Let's say we expect the lens laws to hold for `get` and `set`, as well for `set`
to be a monoid homomorphism. We can express those facts to `algebra-checkers`
and have it generate tests for us:

```haskell
lawTests :: [Property]
lawTests = $(testModel [e| do

law "set/set"
    (set i x' (set i x s) == set i x' s)

law "set/get"
    (set i (get i s) s == s)

law "get/set"
    (get i (set i x s) == x)

homo @Monoid
    (\s -> set i x s)

|])
```

Furthermore, `algebra-checkers` will generate tests to show that these laws are
confluent. We can run these tests via `quickCheck lawTests`.
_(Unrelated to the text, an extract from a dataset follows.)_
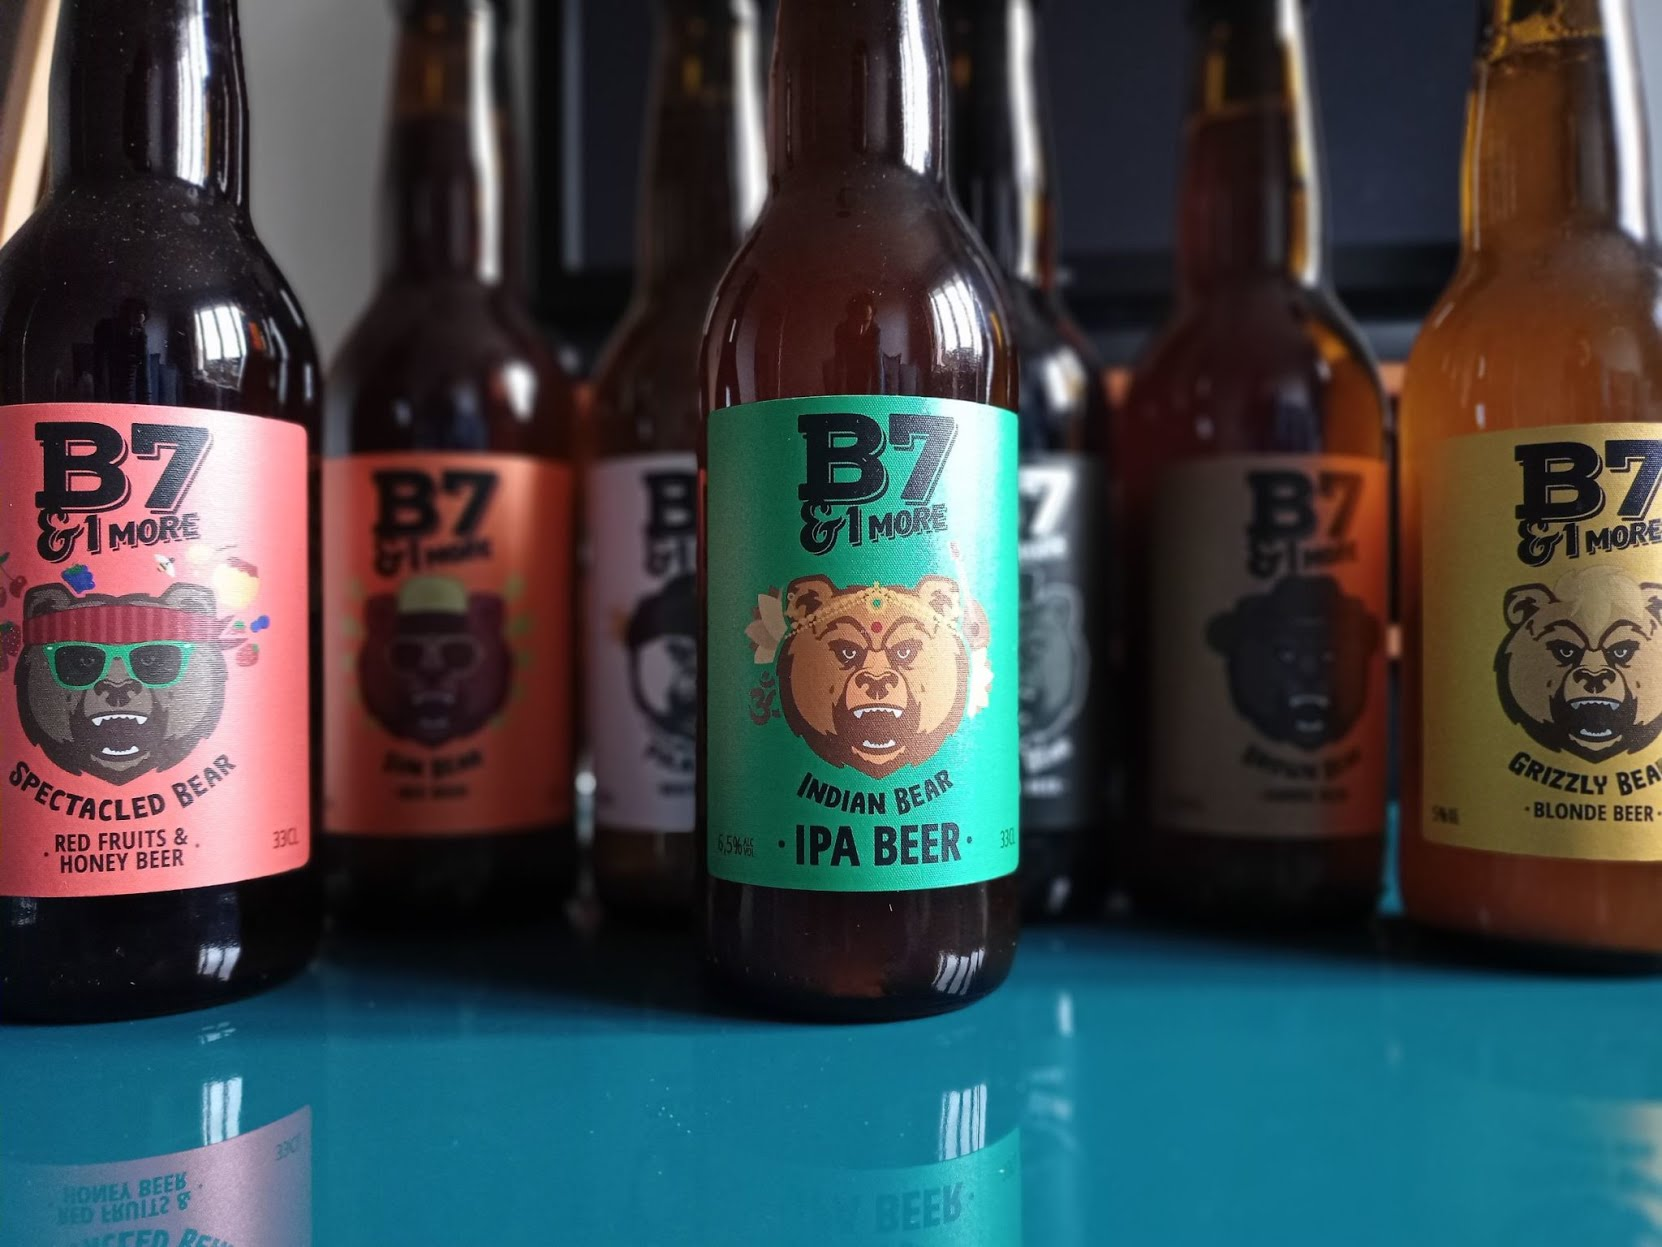 Bières B7&1 MORE

If we use the `theoremsOf` function instead of `testModel`, `algebra-checkers`
will dump out all the additional theorems it has proven about our algebra. This
serves as a good sanity check:

```
Theorems:

• set i x' (set i x s) = set i x' s (definition of "set/set")
• set i (get i s) s = s (definition of "set/get")
• get i (set i x s) = x (definition of "get/set")
• set i x mempty = mempty (definition of "set:Monoid:mempty")
• set i x (s1 <> s2) = set i x s1 <> set i x s2
    (definition of "set:Monoid:<>")
• set i1 (get i1 (set i1 x1 s1)) s1 = set i1 x1 s1
    (implied by "set/get" and "set/set")
• set i1 (get i1 (s12 <> s22)) s12 <> set i1 (get i1 (s12 <> s22)) s22
        = s12 <> s22
    (implied by "set/get" and "set:Monoid:<>")
• set i1 x'2 (set i1 x1 s11 <> set i1 x1 s21)
        = set i1 x'2 (s11 <> s21)
    (implied by "set/set" and "set:Monoid:<>")
• get i1 (set i1 x1 s11 <> set i1 x1 s21) = x1
    (implied by "get/set" and "set:Monoid:<>")


Contradictions:

• get i1 mempty = x1
    the variable x1 is undetermined
    (implied by "get/set" and "set:Monoid:mempty")
```

Uh oh! Look at that! This contradiction is  clearly a bogus theorem, which lets
us know that "get/set" and "set mempty" are nonconfluent with one another!